No cause for concern despite HDFC's below-par show; stock falls 1.5%

Moderation in Housing Development Finance Corporation's (HDFC) asset quality in the December 2018 quarter (Q3) — mainly from the non-individual segment — coupled with slower growth in the loan book, impacted investor sentiment. The stock shed 1.5 per cent to close at Rs 1,918 on a day when majority of the non-banking financiers were trading in the negative.

The company’s net profit of Rs 2,114 crore in Q3 was lower than the Rs 2,210 crore estimated by analysts. However, there is not too much cause for concern.

Lalitabh Shrivastawa, AVP (Research) at Sharekhan, believes the lender’s balance sheet strength, as well as consistency and quality of earnings, continue to be key differentiators. These will provide major support to its premium valuations (HDFC is trading at 3.3 times its FY20 book, against the peer average of under-2 times).

The housing finance major witnessed a 28-basis-point (bps) rise in gross non-performing assets (NPAs) from the non-individual portfolio, on a sequential basis, to 2.46 per cent. The firm has 12 per cent exposure to the riskier construction/developer loan book.

Yet, a steady individual loan portfolio (70 per cent of its book) restricted the overall asset quality deterioration in Q3 to 1.2 per cent, as against 1.13 per cent in the September quarter.

Keki Mistry, vice-chairman and CEO of HDFC, believes asset quality is not worrisome and the company has healthy provisioning in place. It has Rs 5,220 crore balance in loan loss and provisioning — 70 per cent above the regulatory norm.

HDFC’s overall book, however, rose at the slowest pace (13 per cent) among the past many quarters. While the individual loan book grew 14 per cent year-on-year, non-individual loan book rose just 9 per cent.

A dismal performance in the corporate segment impacted non-individual portfolios. However, given the higher base in the preceding quarters, the reported AUM growth is strong, say analysts.

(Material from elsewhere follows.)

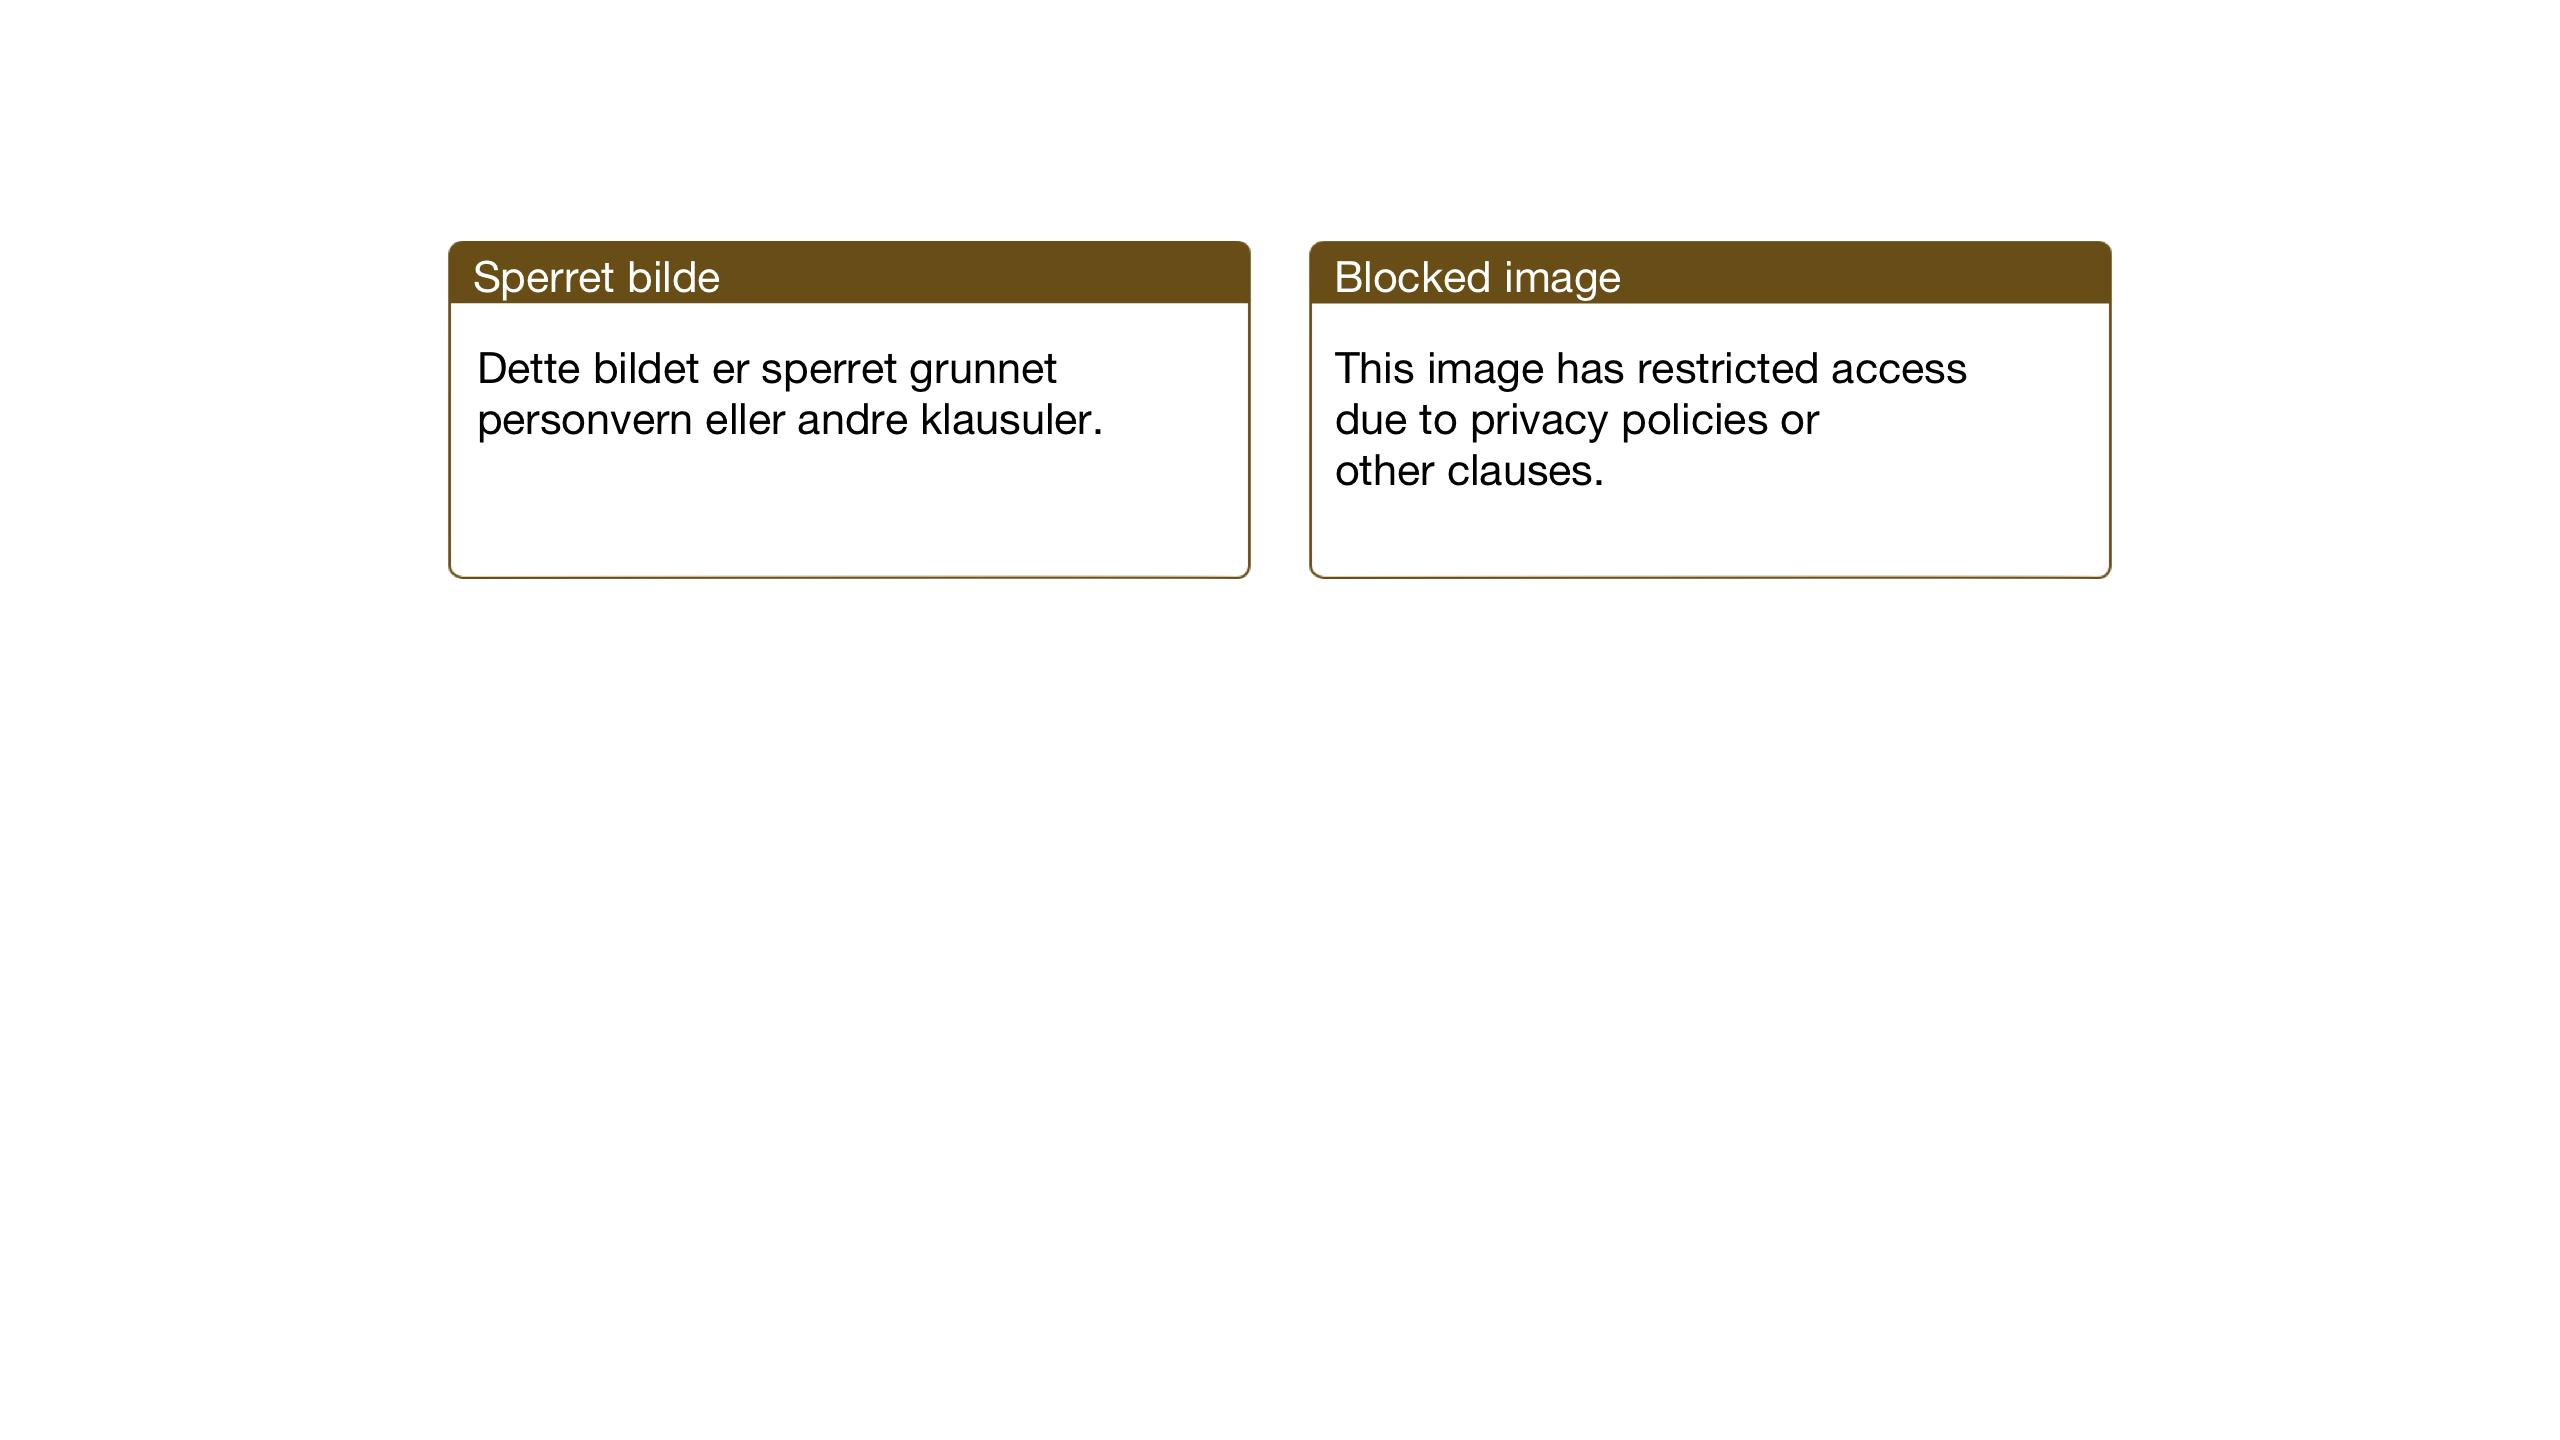 SAT, Ministerialprotokoller, klokkerbøker og fødselsregistre - Sør-Trøndelag, 637/L0564: Klokkerbok nr. 637C05, 1928-1968, s. 21

In addition, the management is confident that factors such as rise in affordability, with a relatively faster rise in income levels than housing prices, as well as the lower housing-sector penetration in the country and the government’s focus on this space, will fuel individual housing loan demand.

On the profitability front, spread — difference between income earned on loan and cost of borrowings in Q3 — remained little changed at the year-ago level of 2.3 per cent, within HDFC’s historical range of 2.20-2.35 per cent.